UDF in Spark SQL DSL

2019-08-09 23:59发布

问题:

I am trying to use DSL over pure SQL in Spark SQL jobs but I cannot get my UDF works.

sqlContext.udf.register("subdate",(dateTime: Long)=>dateTime.toString.dropRight(6))

This doesn't work

rdd1.toDF.join(rdd2.toDF).where("subdate(rdd1(date_time)) === subdate(rdd2(dateTime))")

I also would like to add another join condition like in this working pure SQL

val results=sqlContext.sql("select * from rdd1 join rdd2 on rdd1.id=rdd2.idand subdate(rdd1.date_time)=subdate(rdd2.dateTime)")

Thanks for your help

回答1:

SQL expression you pass to where method is incorrect at least for a few reasons:

  • === is a Column method not a valid SQL equality. You should use single equality sign =
  • bracket notation (table(column)) is not a valid way to reference columns in SQL. In this context it will be recognized as a function call. SQL uses dot notation (table.column)
  • even if it was neither rdd1 nor rdd2 are valid table aliases

Since it looks like column names are unambiguous you could simply use following code:

df1.join(df2).where("subdate(date_time) = subdate(dateTime)")

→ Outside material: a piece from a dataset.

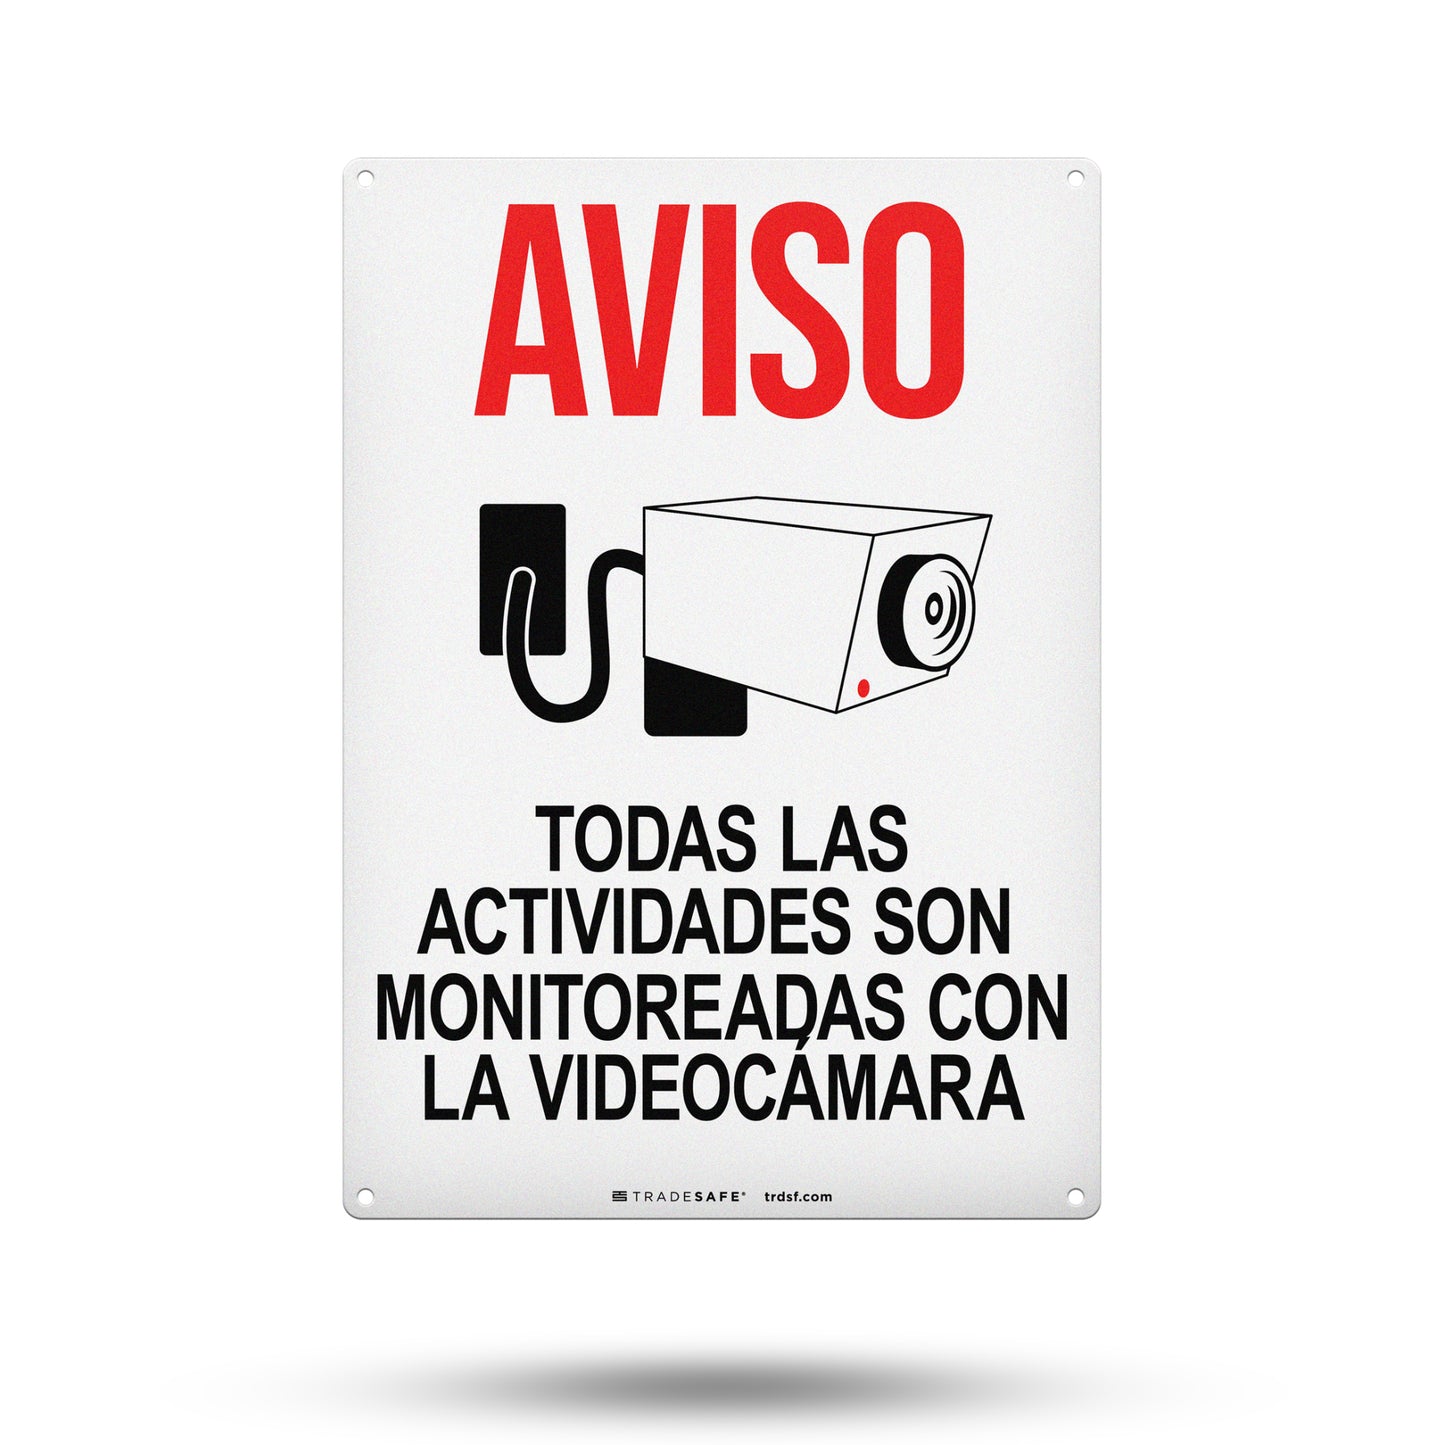 video surveillance sign in spanish

If it wasn't the case using dot syntax wouldn't work without providing aliases first. See for example Usage of spark DataFrame "as" method

Moreover registering UDFs makes sense mostly when you use raw SQL all the way. If you want to use DataFrame API it is better to use UDF directly:

import org.apache.spark.sql.functions.udf

val subdate = udf((dateTime: Long) => dateTime.toString.dropRight(6)) 

val df1 = rdd1.toDF
val df2 = rdd2.toDF

df1.join(df2, subdate($"date_time") === subdate($"dateTime"))

or if column names were ambiguous:

df1.join(df2, subdate(df1("date_time")) === subdate(df2("date_time")))

Finally for simple functions like this it is better to compose built-in expressions than create UDFs.